# [MATERIAL PROVIDED]
****

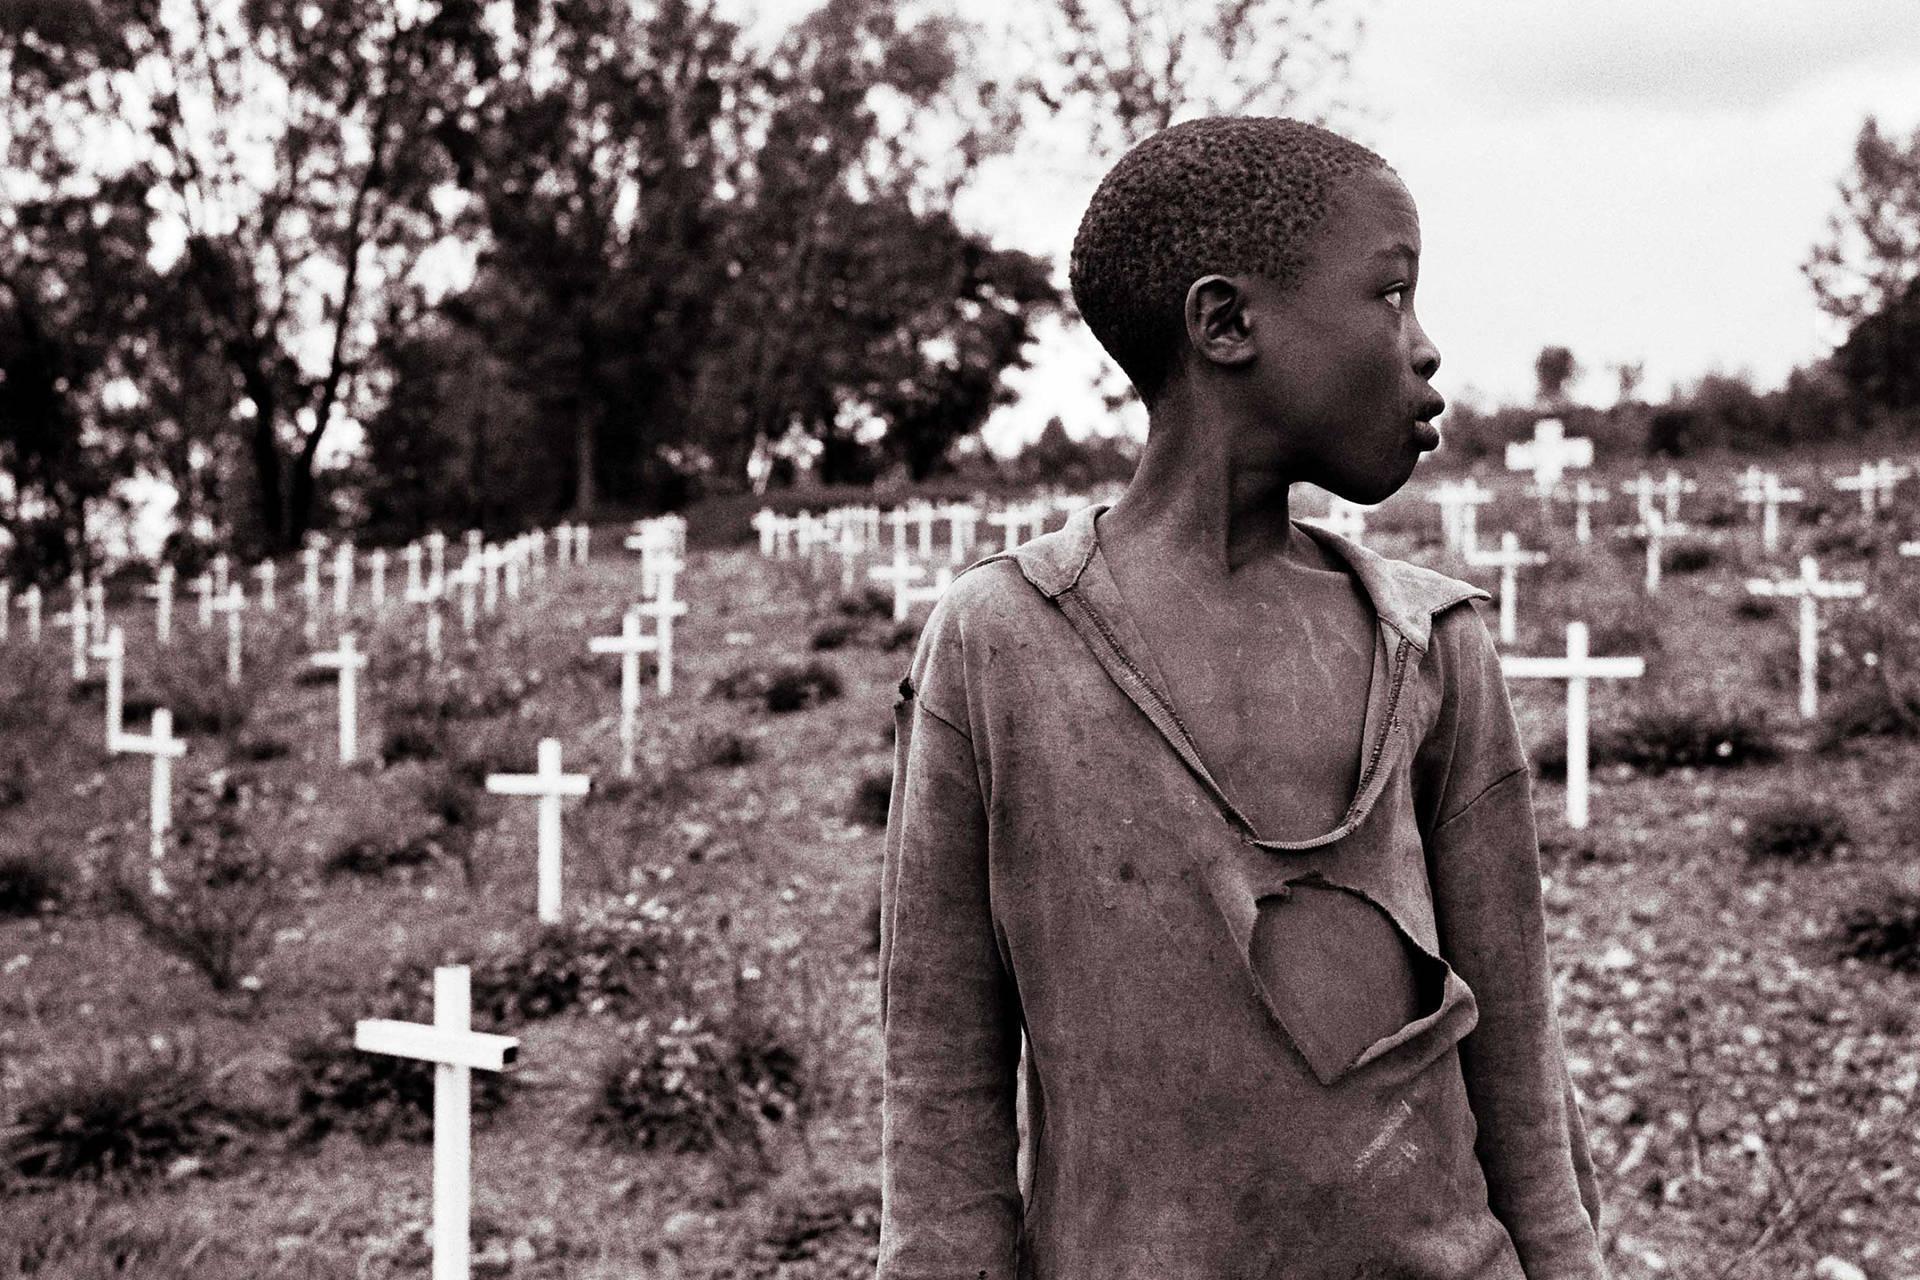 Genocidio-del-Ruanda-foto-54
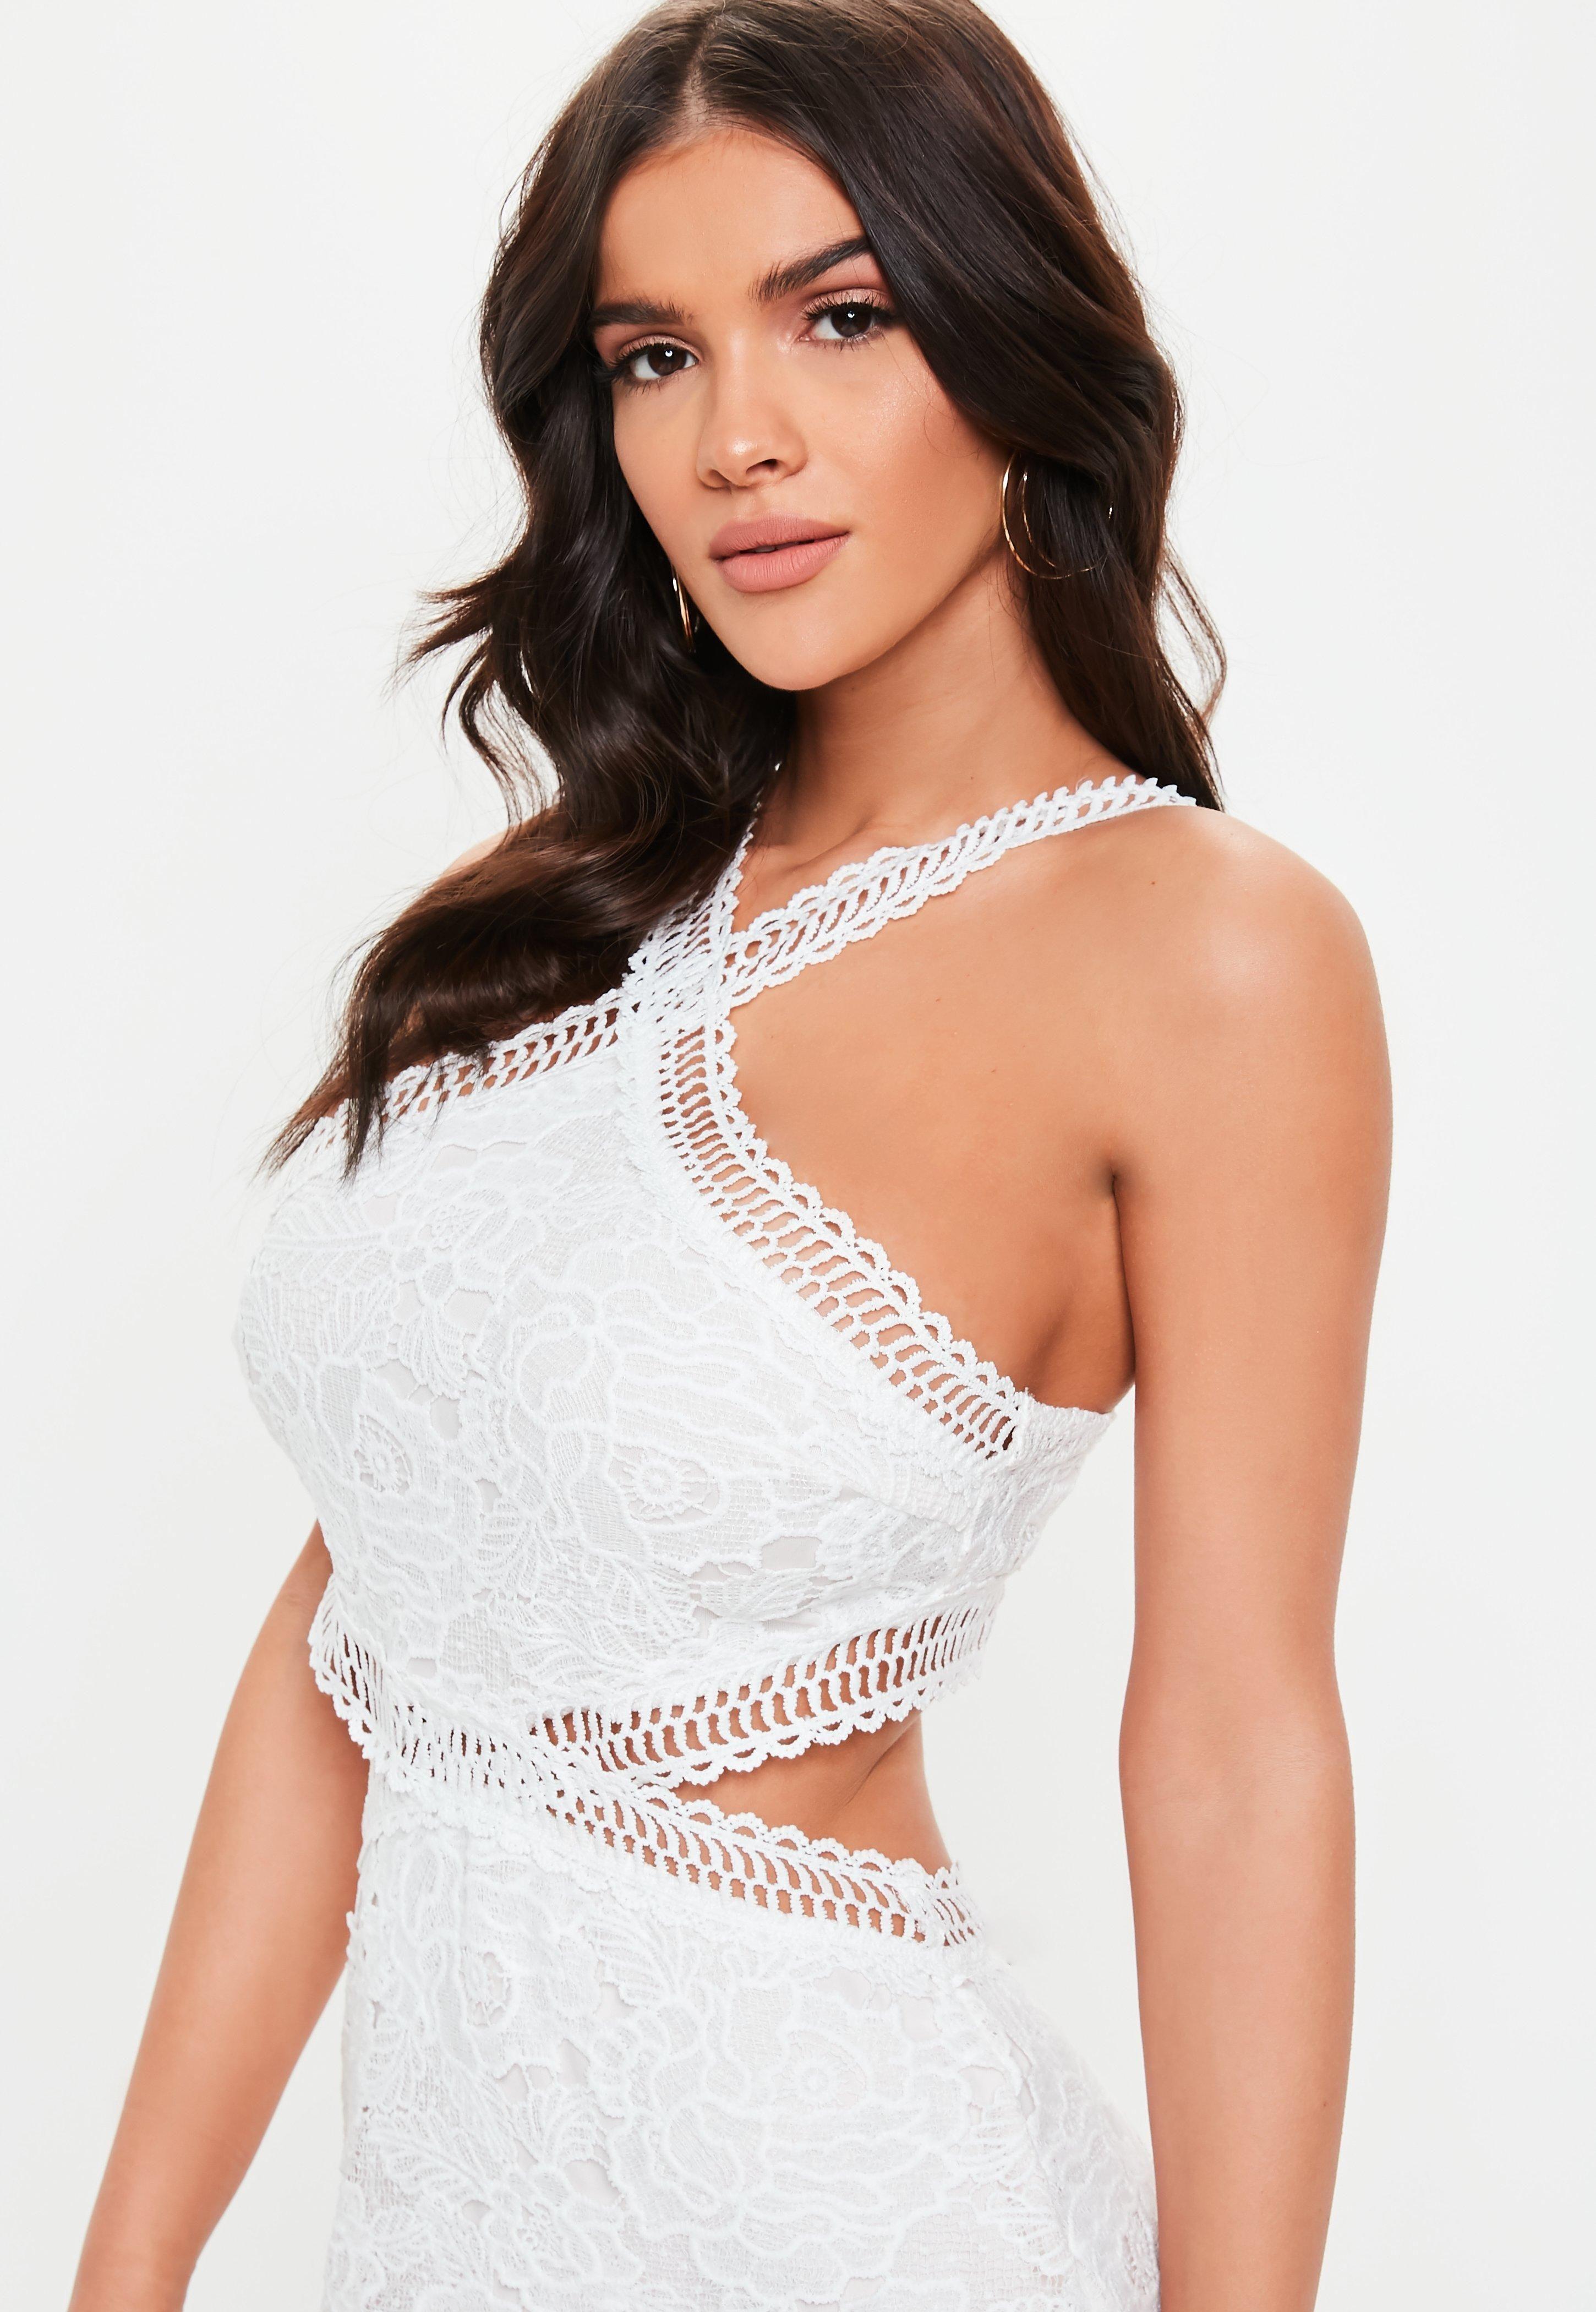 81f10b931793 White Cut Out Lace Trim Frill Hem Mini Dress #Sponsored #Lace, #spon, #Trim,  #White
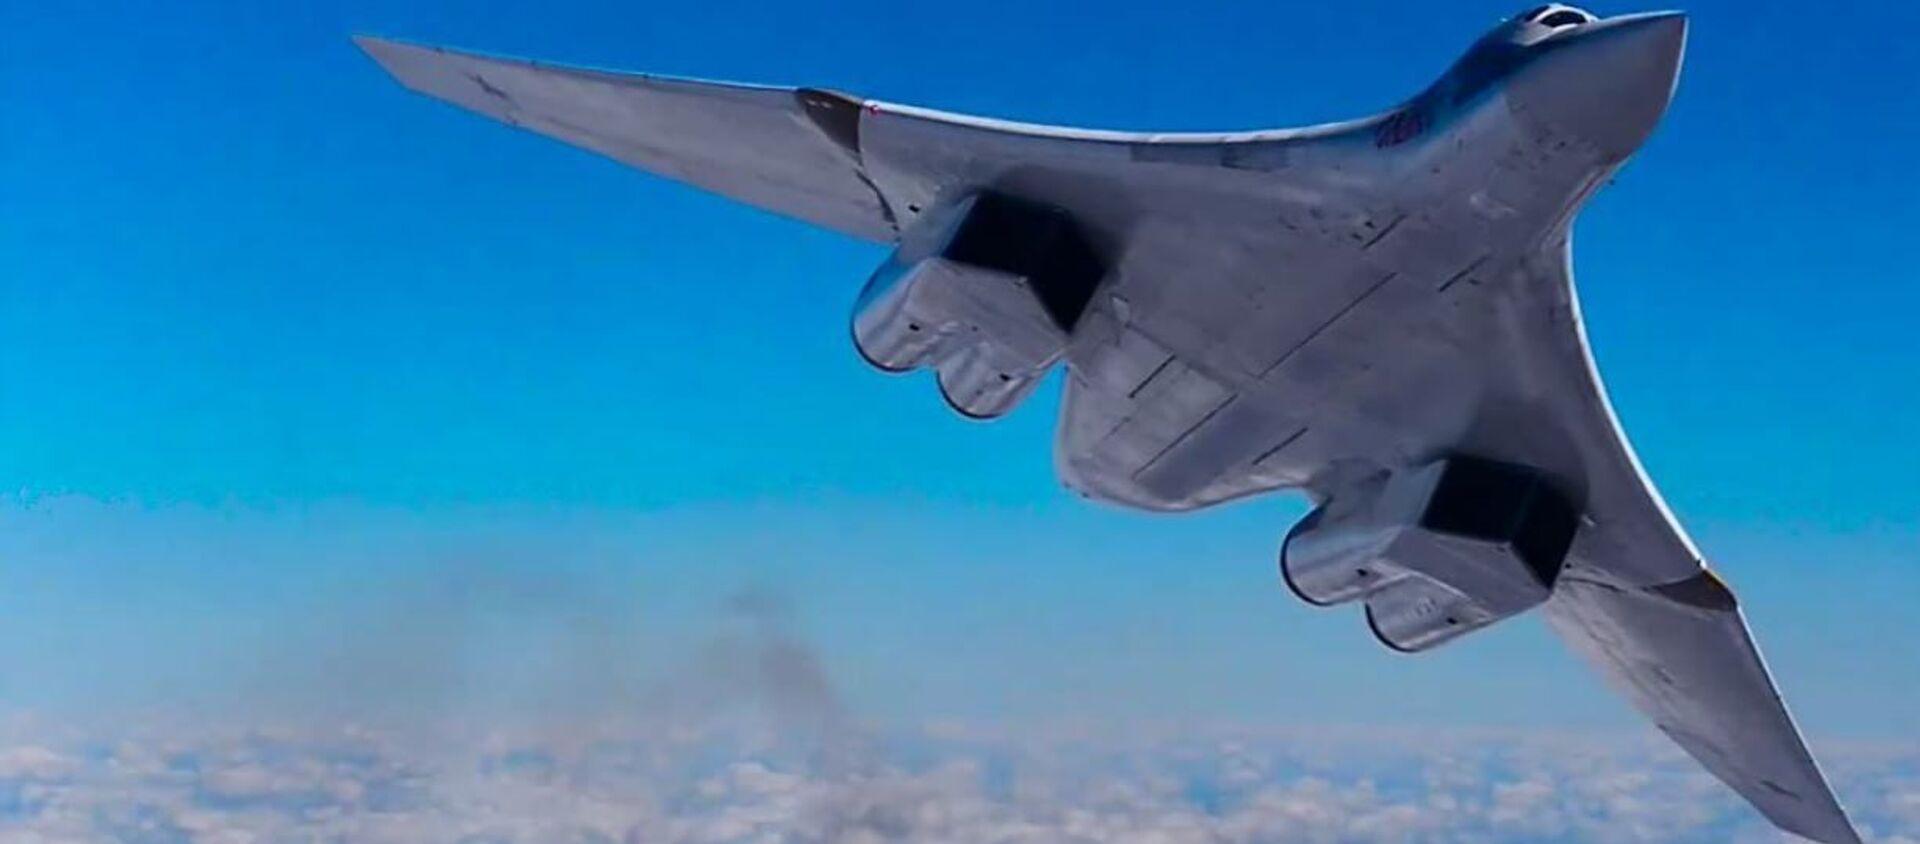 Bombardero ruso Tu-160 'cisne blanco' - Sputnik Mundo, 1920, 06.07.2019

****

# [WHAT THIS TASK INVOLVES]
Transcribe all the lines above exactly; any image among them is skipped.

# [THE ANSWER]
 Genocidio-del-Ruanda-foto-54
 81f10b931793 White Cut Out Lace Trim Frill Hem Mini Dress #Sponsored #Lace, #spon, #Trim,  #White
 Bombardero ruso Tu-160 'cisne blanco' - Sputnik Mundo, 1920, 06.07.2019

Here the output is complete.